=== Work to complete ===
Output the full listing below exactly as it reads, and skip anything that is a picture.

=== Exercise data ===
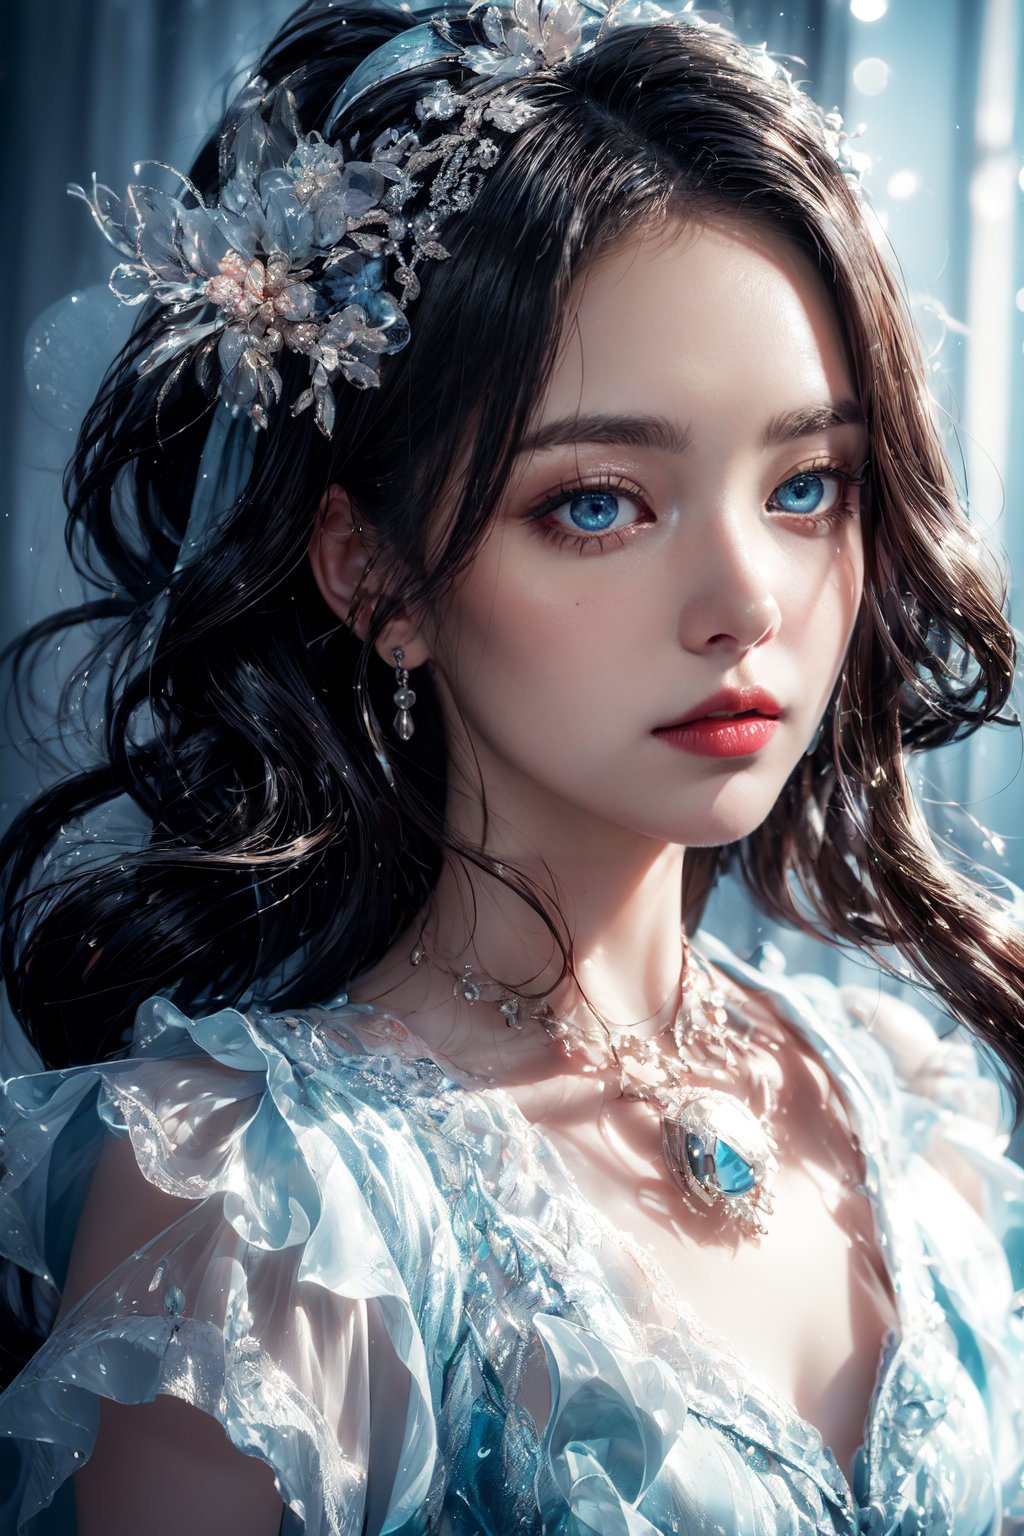 "(masterpiece, high quality:1.5), 8K, HDR, 
1girl, well_defined_face, well_defined_eyes, ultra_detailed_eyes, ultra_detailed_face, by FuturEvoLab, 
ethereal lighting, immortal, elegant, porcelain skin, jet-black hair, waves, pale face, ice-blue eyes, blood-red lips, pinhole photograph, retro aesthetic, monochromatic backdrop, mysterious, enigmatic, timeless allure, siren of the night, secrets, longing, hidden dangers, captivating, nostalgia, timeless fascination, "
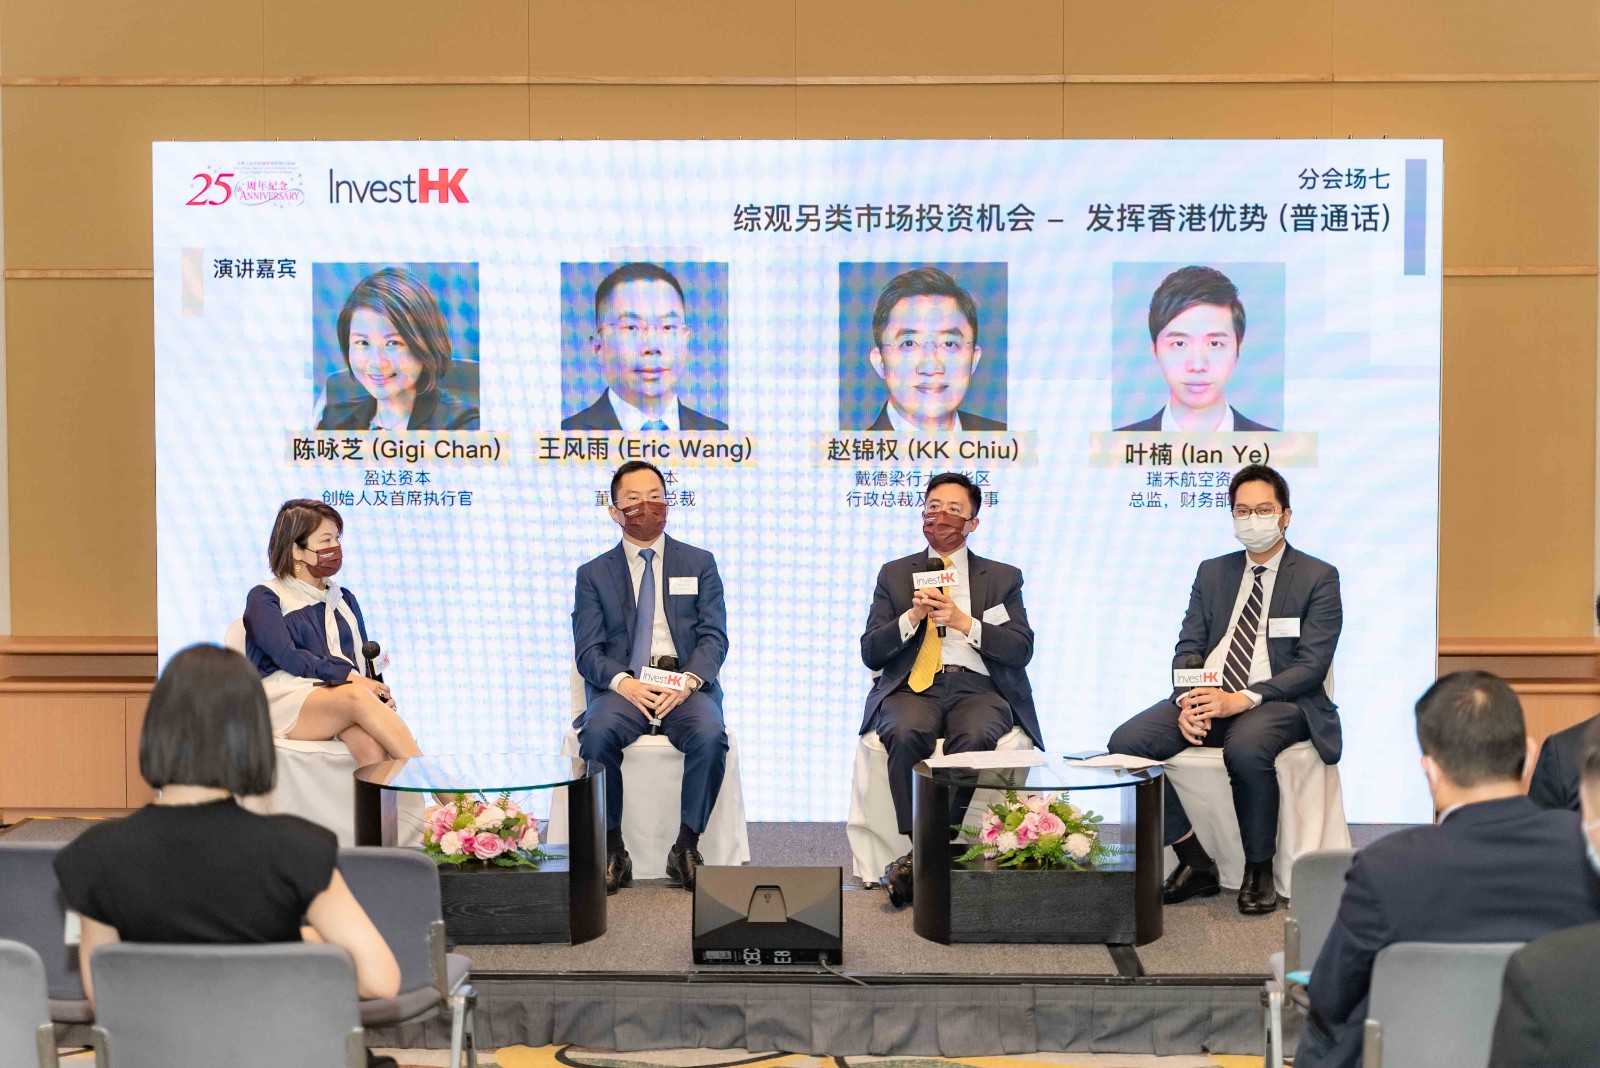 Clover Aviation Capital Joins InvestHK 25th Anniversary Promotion Week_Official Website.jpg

=== Solution for this problem ===
 "(masterpiece, high quality:1.5), 8K, HDR, 
1girl, well_defined_face, well_defined_eyes, ultra_detailed_eyes, ultra_detailed_face, by FuturEvoLab, 
ethereal lighting, immortal, elegant, porcelain skin, jet-black hair, waves, pale face, ice-blue eyes, blood-red lips, pinhole photograph, retro aesthetic, monochromatic backdrop, mysterious, enigmatic, timeless allure, siren of the night, secrets, longing, hidden dangers, captivating, nostalgia, timeless fascination, "
 Clover Aviation Capital Joins InvestHK 25th Anniversary Promotion Week_Official Website.jpg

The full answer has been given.